Terrasmart is now on the fourth year of developing its predict, protect, and produce software, dubbed Peak Yield, with additional improvements to the solution based on user feedback.
“On the technical side of protect, we have and continue to bake a lot of smarts into the robots, the network controllers, and weather stations themselves, to have them be as self sufficient as possible,” said Vukovic. “Whether it’s power or battery management, network conductivity or comms related issues, or some mechanical average variation, whatever the case may be, we really distill that information in a clean, crisp fashion that it allows people to take action.”

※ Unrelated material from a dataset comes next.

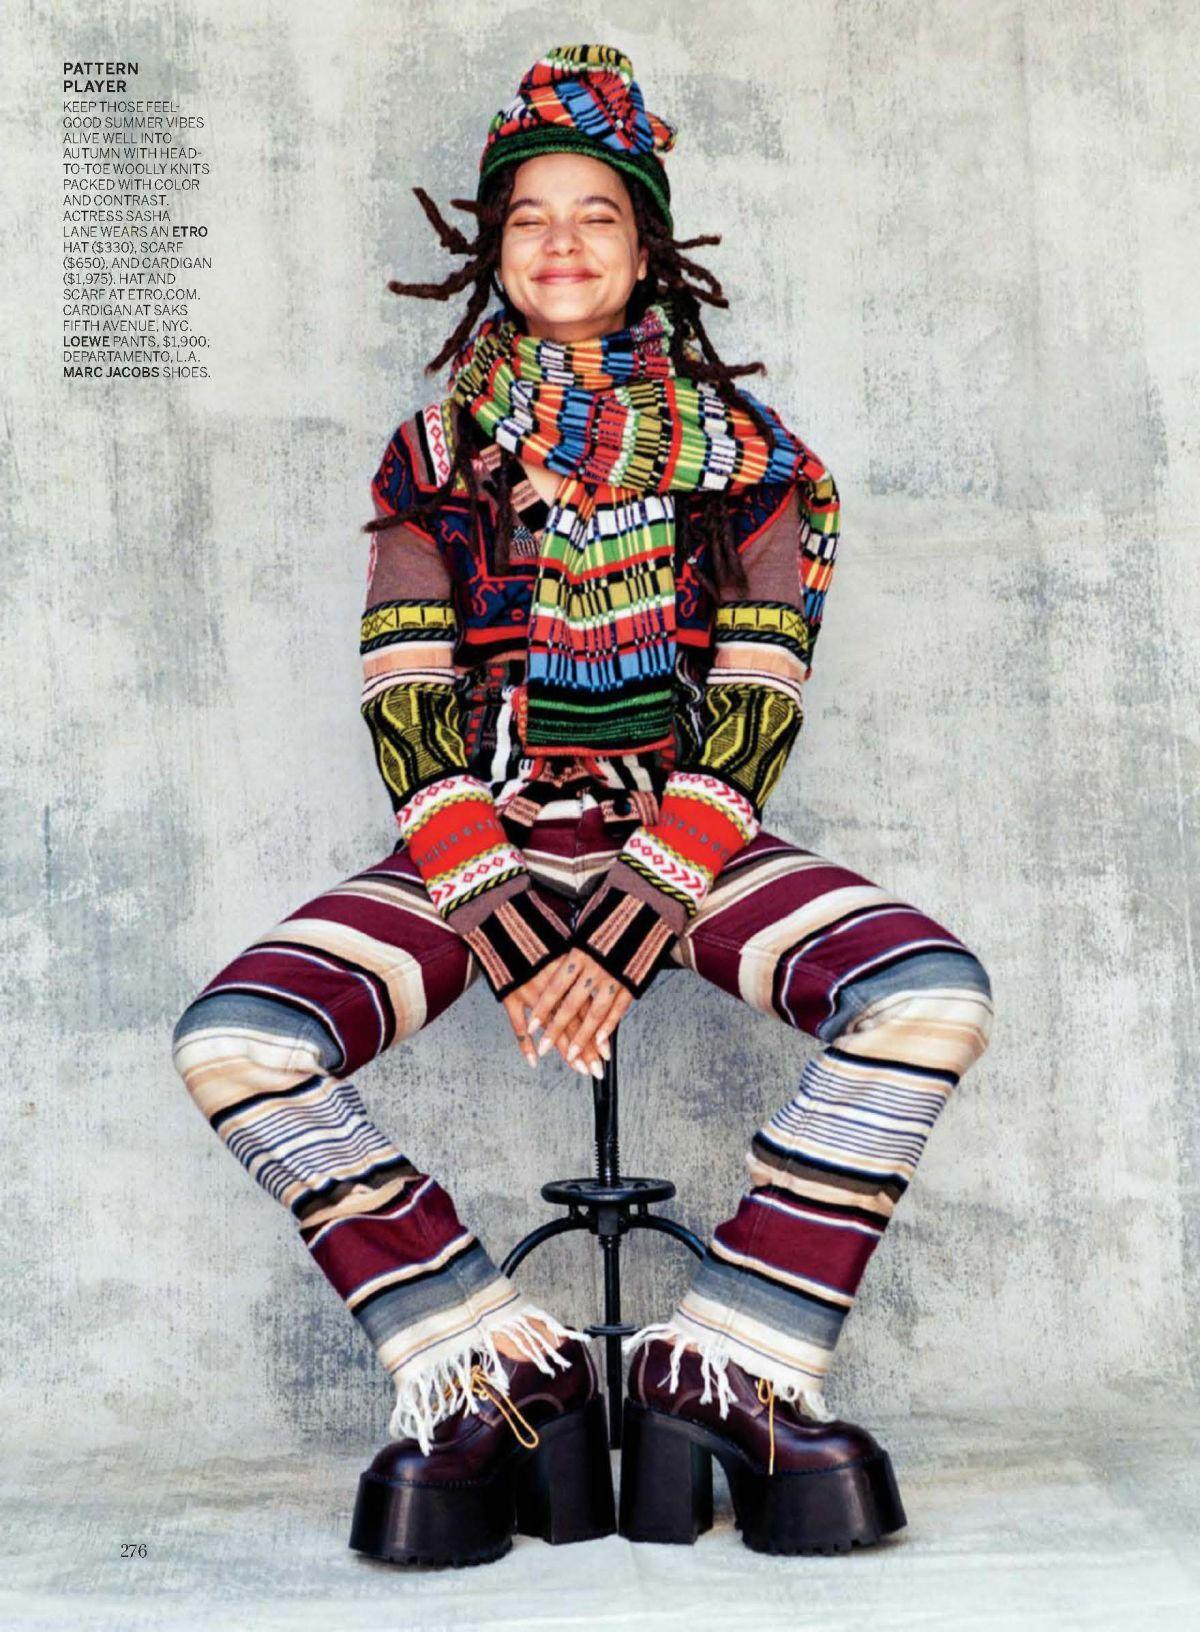 SASHA LANE for Vogue Magazine, October 2017

And while relaying data on it’s own doesn’t seem like it would minimize downtime in project generation, Vukovic shares that the more educated and in-tune EPCs and asset operators are with their projects, there will be less downtime.
“If we can get that information delivered in a succinct way, then it means that these teams aren’t tearing through just slabs of data to understand if there’s an issue the system and software is doing that already for them,” said Vukovic.